Welcome to Statistical Machine Learning with R! I started this project during the summer of 2018 when I was preparing for the Stat 432 course (Basics of Statistical Learning). At that time, our faculty member Dr. David Dalpiaz, had decided to move to The Ohio State University (although he moved back to UIUC later on). David introduced to me this awesome way of publishing website on GitHub, which is a very efficient approach for developing course materials. Since I have also taught Stat 542 (Statistical Learning) for several years, I figured it could be beneficial to integrate what I have to this existing book by David and use it as the R material for both courses. For Stat 542, the main focus is to learn the numerical optimization behind these learning algorithms, and also be familiar with the theoretical background. As you can tell, I am not being very creative on the name, so SMLR it is. You can find the source file of this book on my GitHub. Recently, I started a new course Stat 546 (Machine Learning in Data Science), which focuses more on RKHS, random forests and reinforcement learning, and I am also add more materials to this book.

Target Audience

This book can be suitable for students ranging from advanced undergraduate to first/second year PhD students who have prior knowledge in statistics. Although a student at the masters level will likely benefit most from the material. Previous experience with both basic mathematics (mainly linear algebra), statistical modeling (such as linear regressions) and R are assumed.

What’s Covered?

This book currently covers the following topics:

Basic Knowledge
- R, R Studio and R Markdown
- Linear regression and linear algebra
- Numerical optimization basics
Model Selection and Regularization in Linear Models
- Model Selection
- Ridge regression
- Lasso
- Spline
Classification models
- Logistic regression
- Discriminant analysis
Nonparametric Models with Local Smoothing
- K-nearest neighbor
- Kernel smoothing
Kernel Methods and RKHS
- Support vector machine
- Kernel ridge regression
- Support vector regression
Tree and Ensemble Models
- Tree models
- Random forests
- AdaBoost
- Gradient boosting machine
Unsupervised Learning
- K-means
- Hierarchical clustering
- PCA
- self-organizing map
- Spectral clustering
- UMAP

The goal of this book is to introduce not only how to run some of the popular statistical learning models in R, know the algorithms and programming techniques for solving these models and also understand some of the fundamental statistical theory behind them. For example, for graduate students, these topics will be discuss in more detail:

Optimization
- Lagrangian
- Primal vs. dual
EM and MM algorithm (to be added)
Bias-variance trade-off in
- Linear regression
- KNN
- Kernel density estimation
RKHS
- Kernel Trick
- Representer Theorem

This book is under active development.
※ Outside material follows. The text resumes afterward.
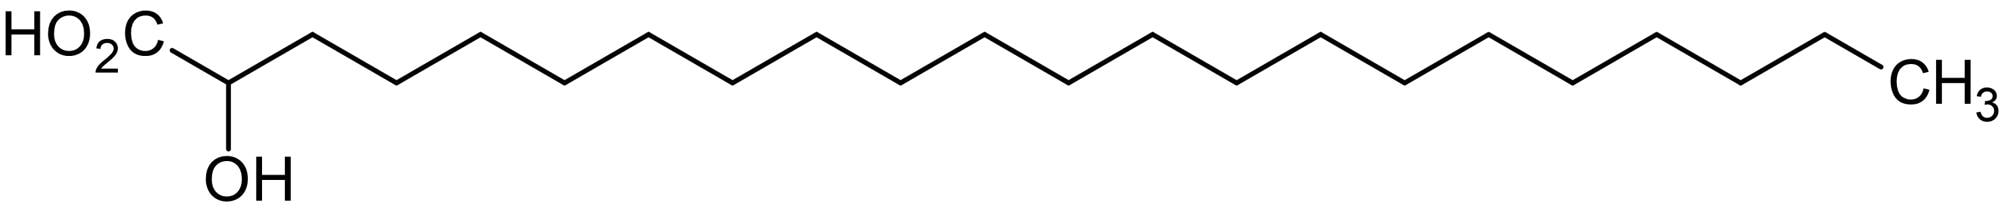 Chemical Structure - 2-Hydroxydocosanoic acid, 2-Hydroxy C22:0 fatty acid (ab144014)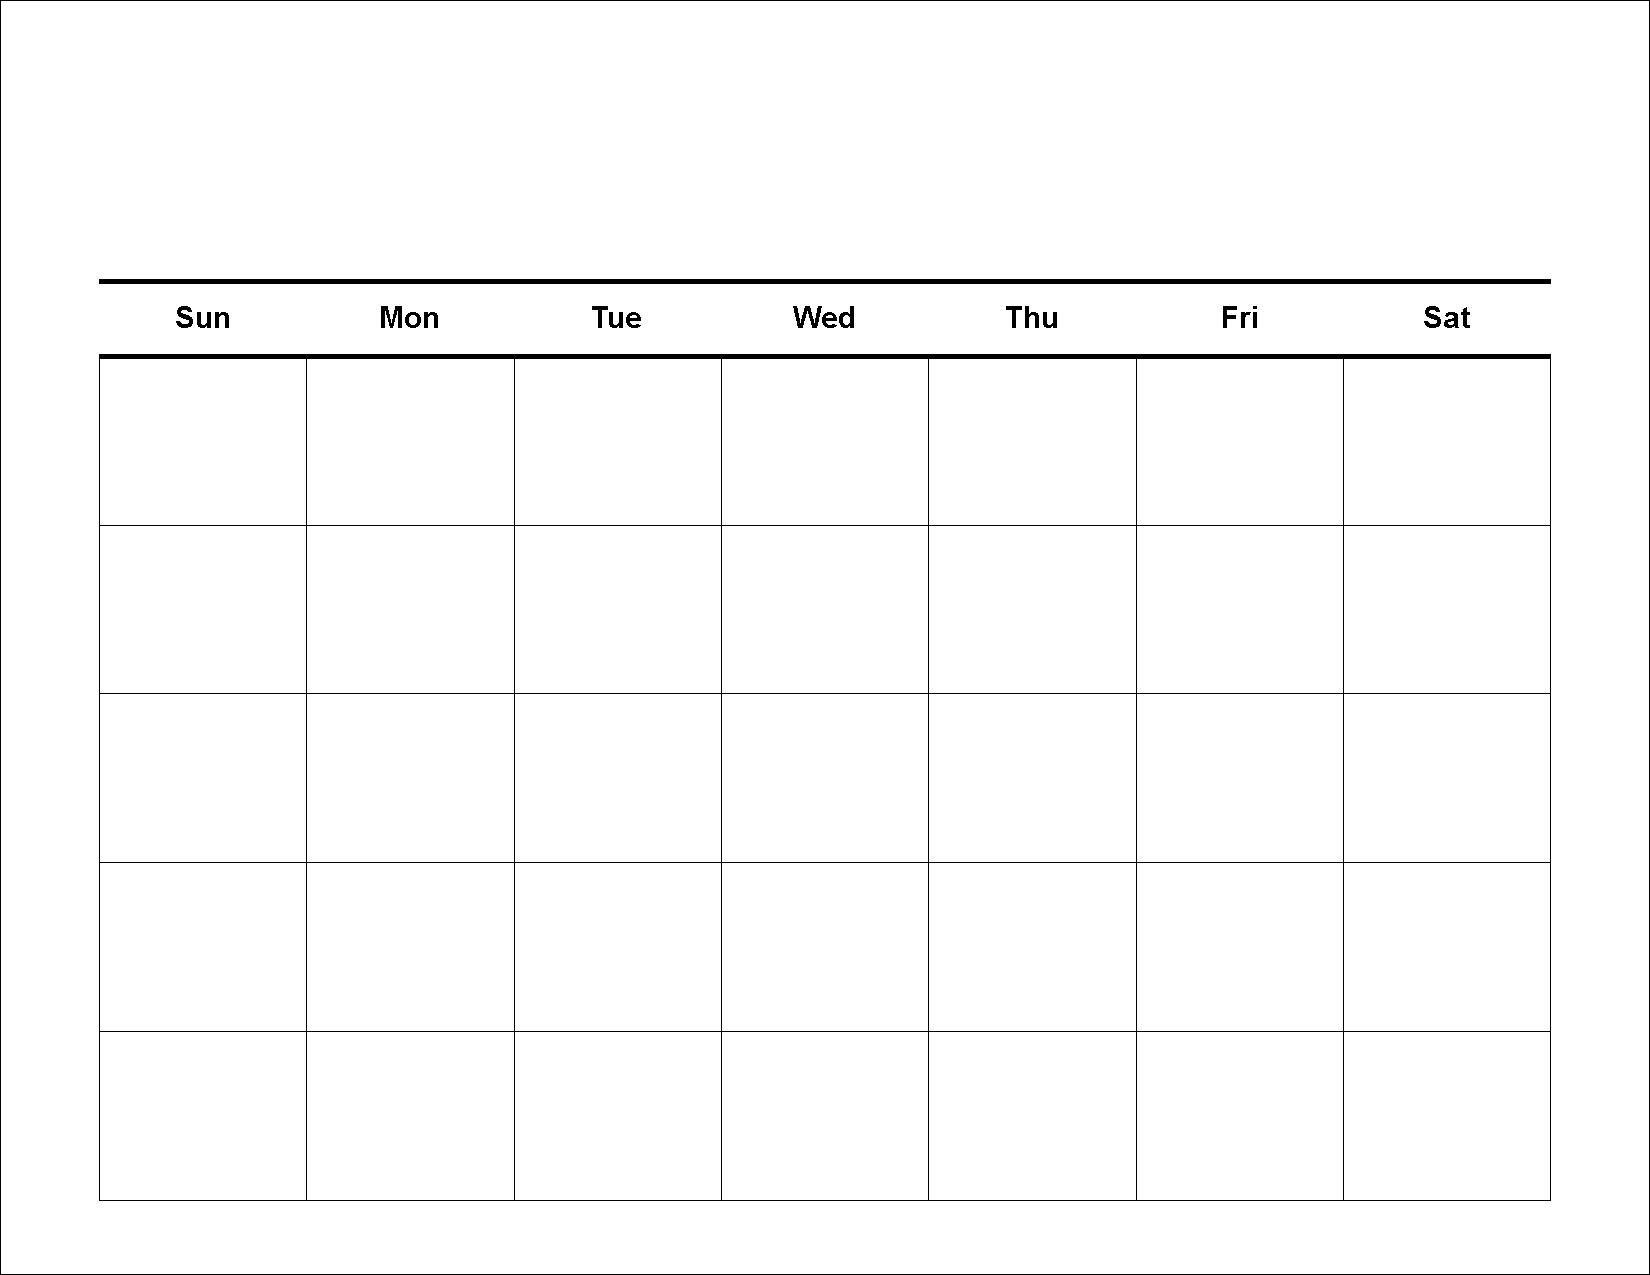 Free 5 Day Calendar Template | Printable Calendar Templates 2019 regarding 5 Day Calendar Printable Free

Hence, you may encounter errors ranging from typos to broken code, to poorly explained topics. If you do, please let me know! Simply send an email to rqzhu@illinois.edu and I will make the changes as soon as possible. Or, if you know R Markdown and are familiar with GitHub, make a pull request and fix an issue yourself! These contributions will be acknowledged.

Acknowledgements

The initial contents and Bookdown code are derived from Dr. David Dalpiaz’s online book. My STAT 542 course materials are also inspired by teaching materilas from Dr. Feng Liang and Dr. John Marden who developed earlier versions of this course. And I also incorporated many online resources, which I cannot put into a comprehensive list. If you think I missed some references, please let me know.

License

This work is licensed under a Creative Commons Attribution-NonCommercial-ShareAlike 4.0 International License.